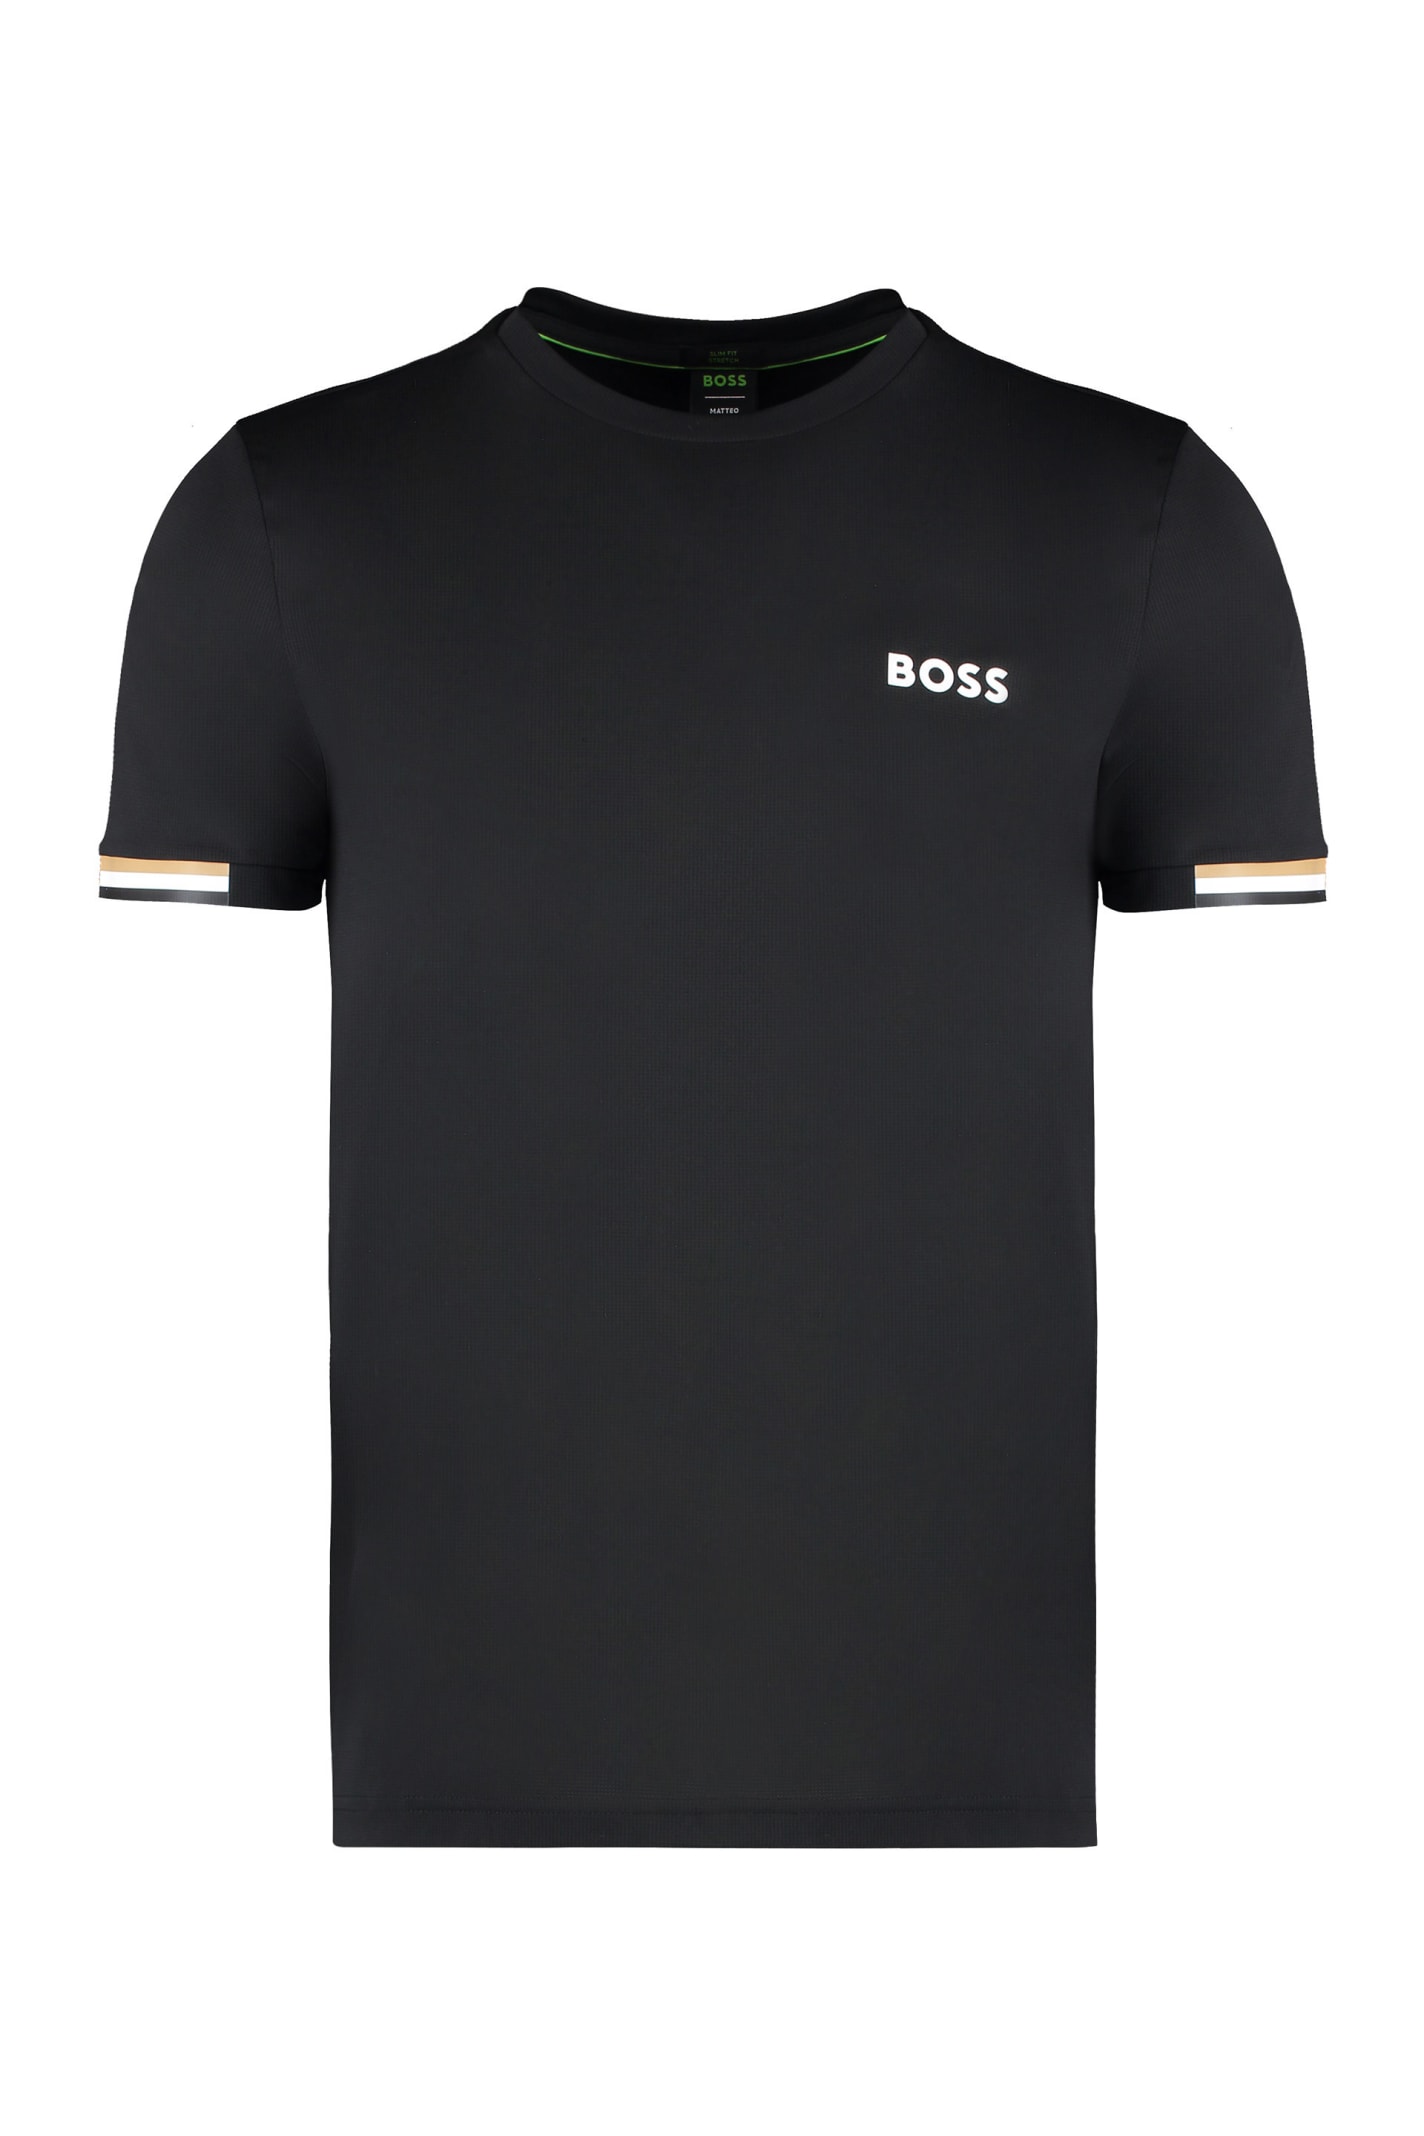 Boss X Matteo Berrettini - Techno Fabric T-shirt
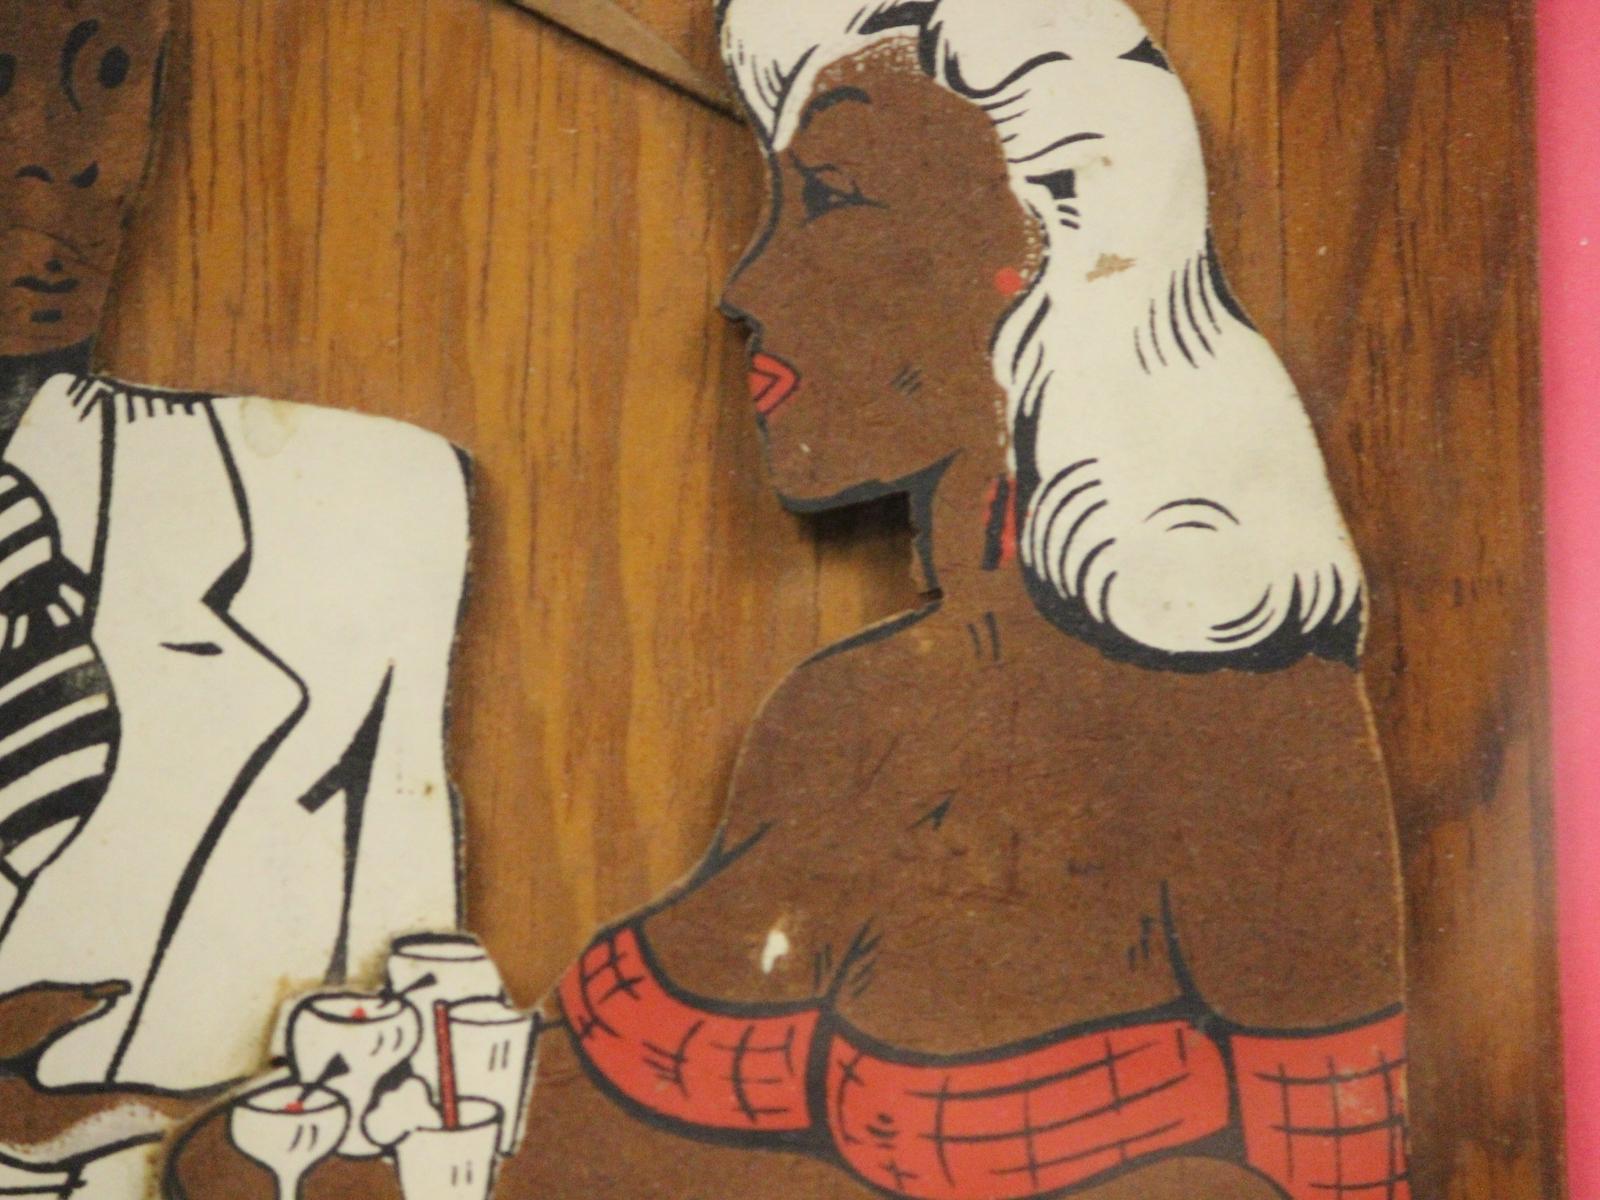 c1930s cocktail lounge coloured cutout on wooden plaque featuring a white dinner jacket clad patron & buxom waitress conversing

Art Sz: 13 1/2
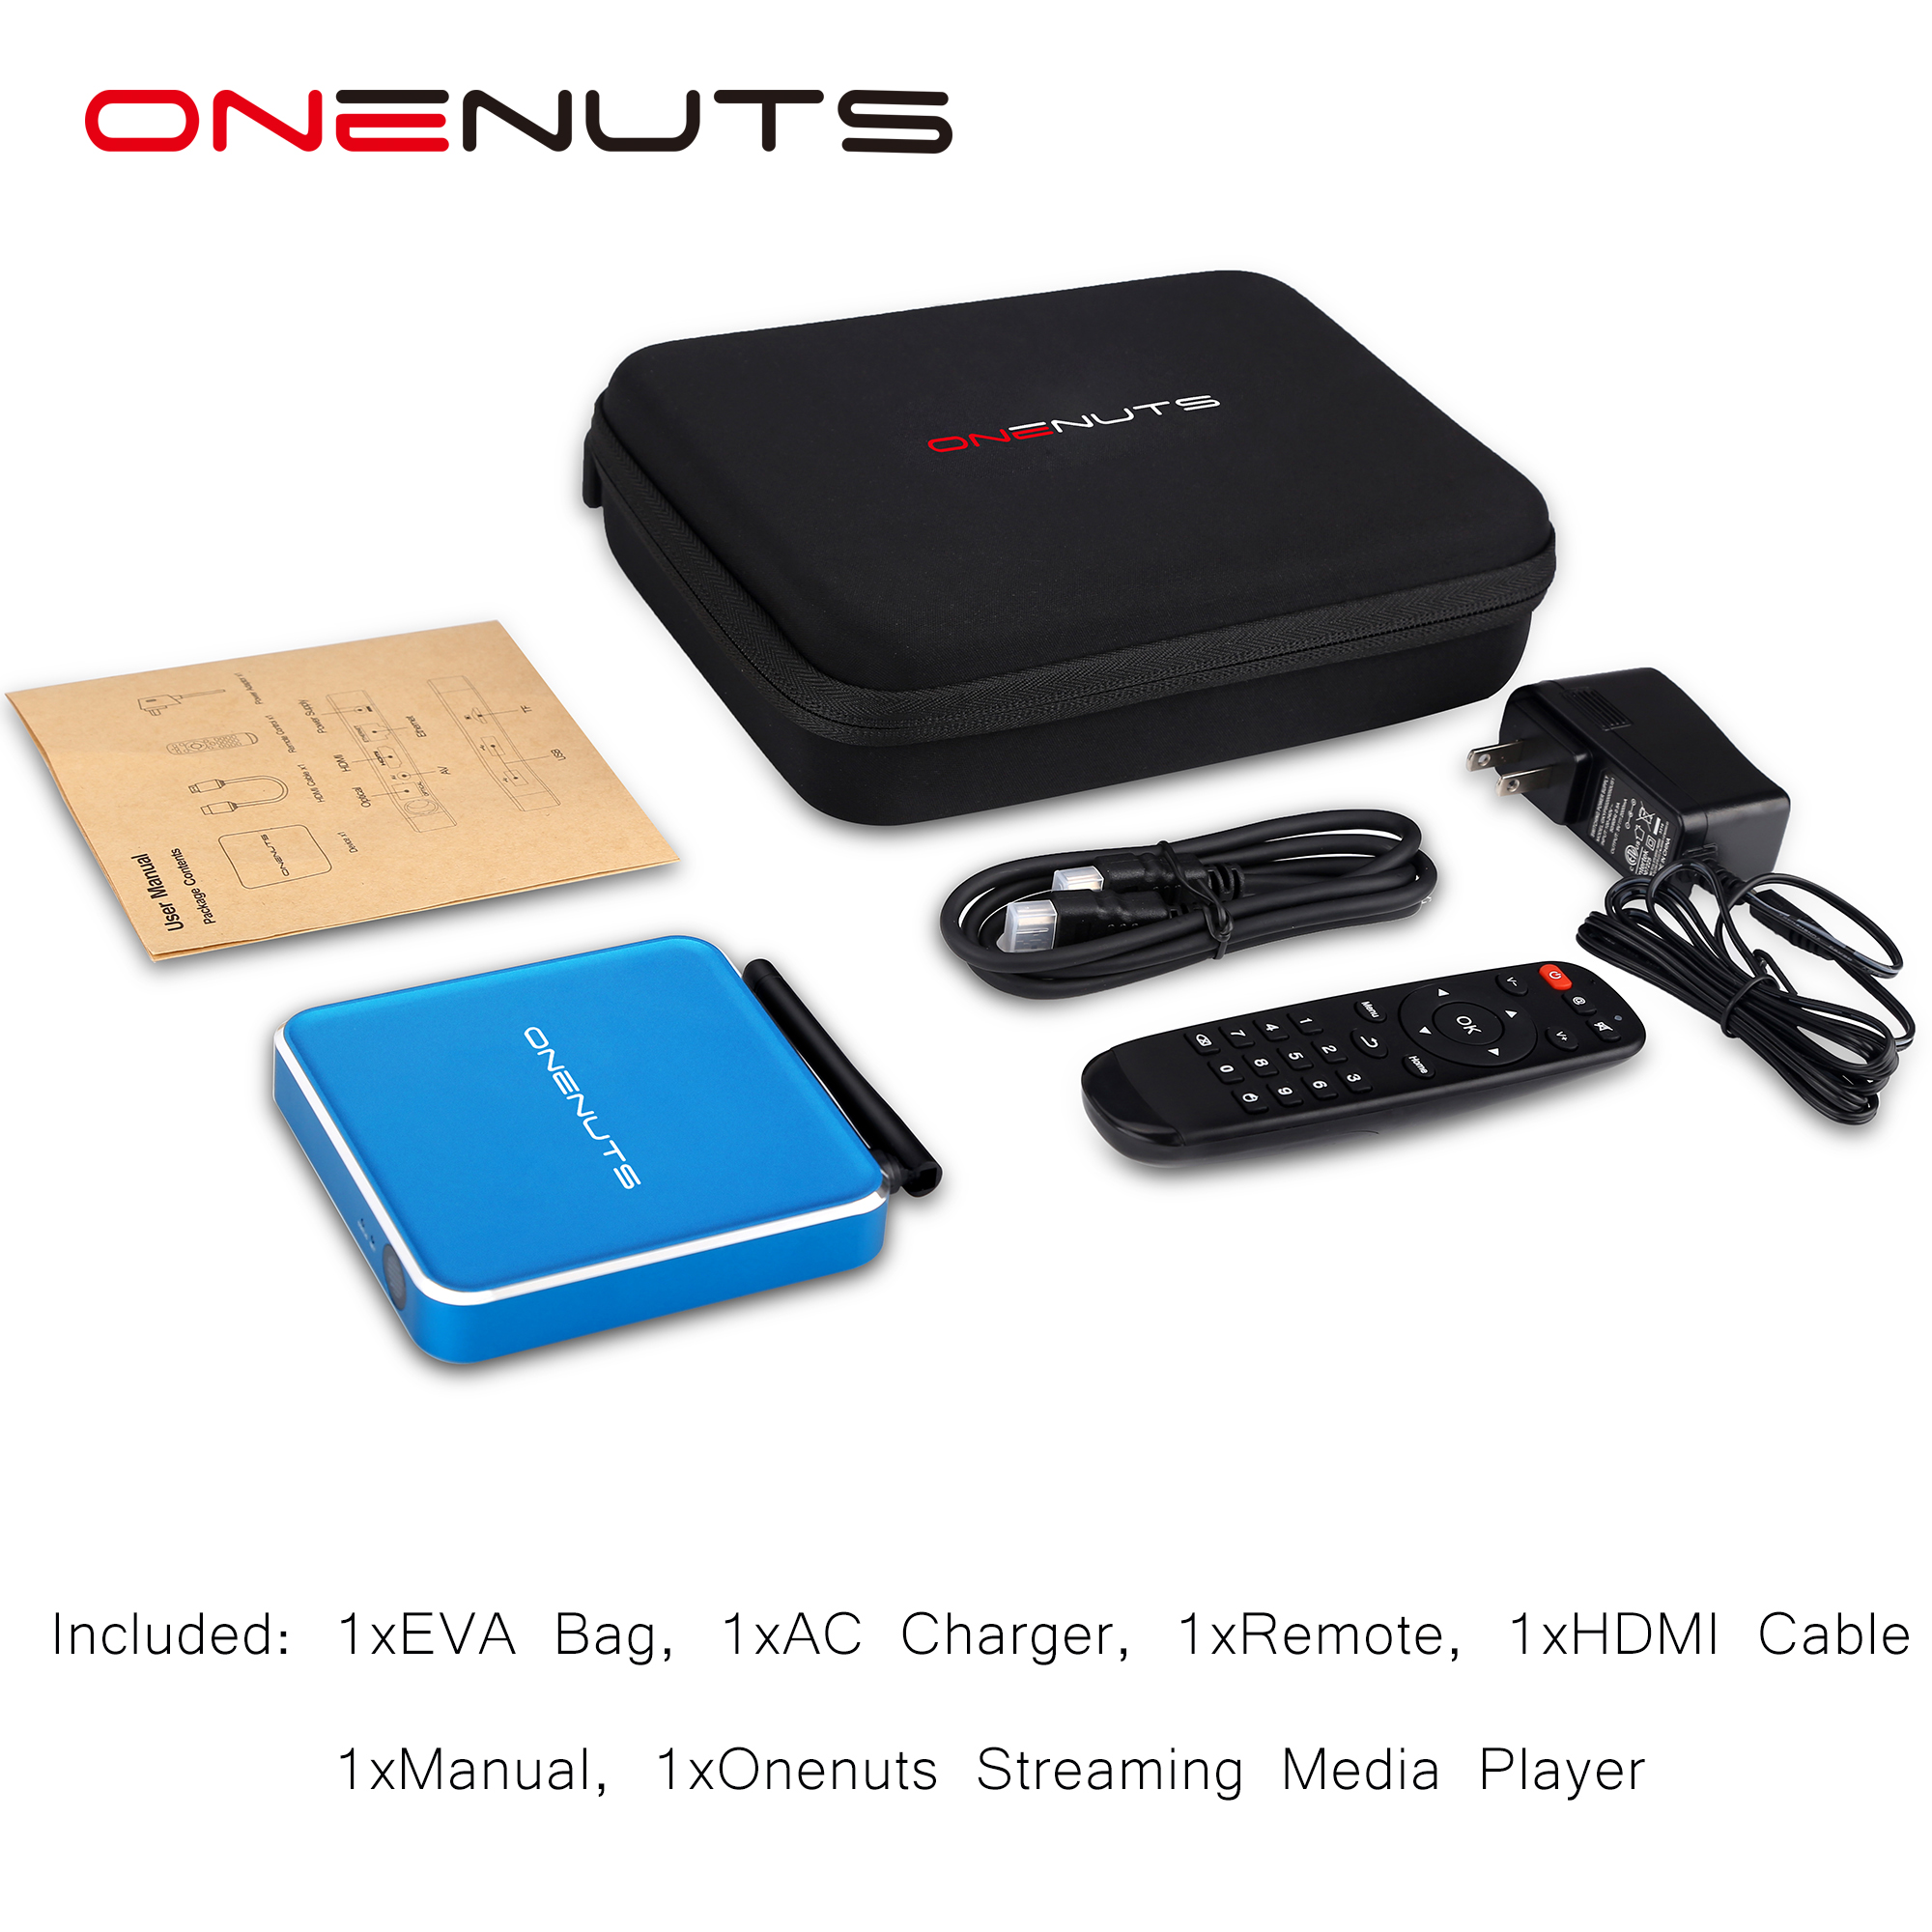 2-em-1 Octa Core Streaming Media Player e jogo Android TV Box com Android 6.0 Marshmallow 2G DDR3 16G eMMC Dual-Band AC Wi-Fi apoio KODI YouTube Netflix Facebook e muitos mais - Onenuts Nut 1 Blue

▶ _YOUR OBJECTIVE_: Nothing but the lines from the first line of the listing above to the line containing "Art Sz: 13 1/2" should appear in the answer, each one exact and with no pictures.

▶ _WRITTEN RESPONSE_:
 Boss X Matteo Berrettini - Techno Fabric T-shirt
 c1930s cocktail lounge coloured cutout on wooden plaque featuring a white dinner jacket clad patron & buxom waitress conversing

Art Sz: 13 1/2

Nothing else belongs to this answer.